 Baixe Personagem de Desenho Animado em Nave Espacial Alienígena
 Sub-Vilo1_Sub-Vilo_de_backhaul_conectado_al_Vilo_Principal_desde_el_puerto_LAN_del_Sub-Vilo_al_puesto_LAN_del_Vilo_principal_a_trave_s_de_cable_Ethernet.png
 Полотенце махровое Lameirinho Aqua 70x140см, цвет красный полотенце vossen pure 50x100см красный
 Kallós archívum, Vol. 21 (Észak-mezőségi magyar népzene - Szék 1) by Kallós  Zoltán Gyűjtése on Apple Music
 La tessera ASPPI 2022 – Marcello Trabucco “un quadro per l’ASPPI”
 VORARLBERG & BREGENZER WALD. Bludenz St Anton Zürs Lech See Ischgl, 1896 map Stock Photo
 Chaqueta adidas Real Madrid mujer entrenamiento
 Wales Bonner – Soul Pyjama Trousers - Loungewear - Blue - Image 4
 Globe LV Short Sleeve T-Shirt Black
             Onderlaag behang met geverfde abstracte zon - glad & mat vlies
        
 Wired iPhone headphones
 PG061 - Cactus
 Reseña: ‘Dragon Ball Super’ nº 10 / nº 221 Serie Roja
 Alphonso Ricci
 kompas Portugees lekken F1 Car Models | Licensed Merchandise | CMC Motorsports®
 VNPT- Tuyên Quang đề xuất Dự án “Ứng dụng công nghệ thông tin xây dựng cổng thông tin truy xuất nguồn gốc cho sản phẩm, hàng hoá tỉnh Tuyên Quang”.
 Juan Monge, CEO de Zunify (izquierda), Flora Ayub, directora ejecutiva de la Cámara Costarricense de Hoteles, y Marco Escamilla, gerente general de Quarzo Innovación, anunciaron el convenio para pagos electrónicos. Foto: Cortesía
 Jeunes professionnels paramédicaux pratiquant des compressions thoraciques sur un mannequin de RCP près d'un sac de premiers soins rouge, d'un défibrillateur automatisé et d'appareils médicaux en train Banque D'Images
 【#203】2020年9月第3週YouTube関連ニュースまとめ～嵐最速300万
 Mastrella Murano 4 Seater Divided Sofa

Activity:
Each line of the records should be transcribed without change.

Task answer:
 Baixe Personagem de Desenho Animado em Nave Espacial Alienígena
 Sub-Vilo1_Sub-Vilo_de_backhaul_conectado_al_Vilo_Principal_desde_el_puerto_LAN_del_Sub-Vilo_al_puesto_LAN_del_Vilo_principal_a_trave_s_de_cable_Ethernet.png
 Полотенце махровое Lameirinho Aqua 70x140см, цвет красный полотенце vossen pure 50x100см красный
 Kallós archívum, Vol. 21 (Észak-mezőségi magyar népzene - Szék 1) by Kallós  Zoltán Gyűjtése on Apple Music
 La tessera ASPPI 2022 – Marcello Trabucco “un quadro per l’ASPPI”
 VORARLBERG & BREGENZER WALD. Bludenz St Anton Zürs Lech See Ischgl, 1896 map Stock Photo
 Chaqueta adidas Real Madrid mujer entrenamiento
 Wales Bonner – Soul Pyjama Trousers - Loungewear - Blue - Image 4
 Globe LV Short Sleeve T-Shirt Black
             Onderlaag behang met geverfde abstracte zon - glad & mat vlies
        
 Wired iPhone headphones
 PG061 - Cactus
 Reseña: ‘Dragon Ball Super’ nº 10 / nº 221 Serie Roja
 Alphonso Ricci
 kompas Portugees lekken F1 Car Models | Licensed Merchandise | CMC Motorsports®
 VNPT- Tuyên Quang đề xuất Dự án “Ứng dụng công nghệ thông tin xây dựng cổng thông tin truy xuất nguồn gốc cho sản phẩm, hàng hoá tỉnh Tuyên Quang”.
 Juan Monge, CEO de Zunify (izquierda), Flora Ayub, directora ejecutiva de la Cámara Costarricense de Hoteles, y Marco Escamilla, gerente general de Quarzo Innovación, anunciaron el convenio para pagos electrónicos. Foto: Cortesía
 Jeunes professionnels paramédicaux pratiquant des compressions thoraciques sur un mannequin de RCP près d'un sac de premiers soins rouge, d'un défibrillateur automatisé et d'appareils médicaux en train Banque D'Images
 【#203】2020年9月第3週YouTube関連ニュースまとめ～嵐最速300万
 Mastrella Murano 4 Seater Divided Sofa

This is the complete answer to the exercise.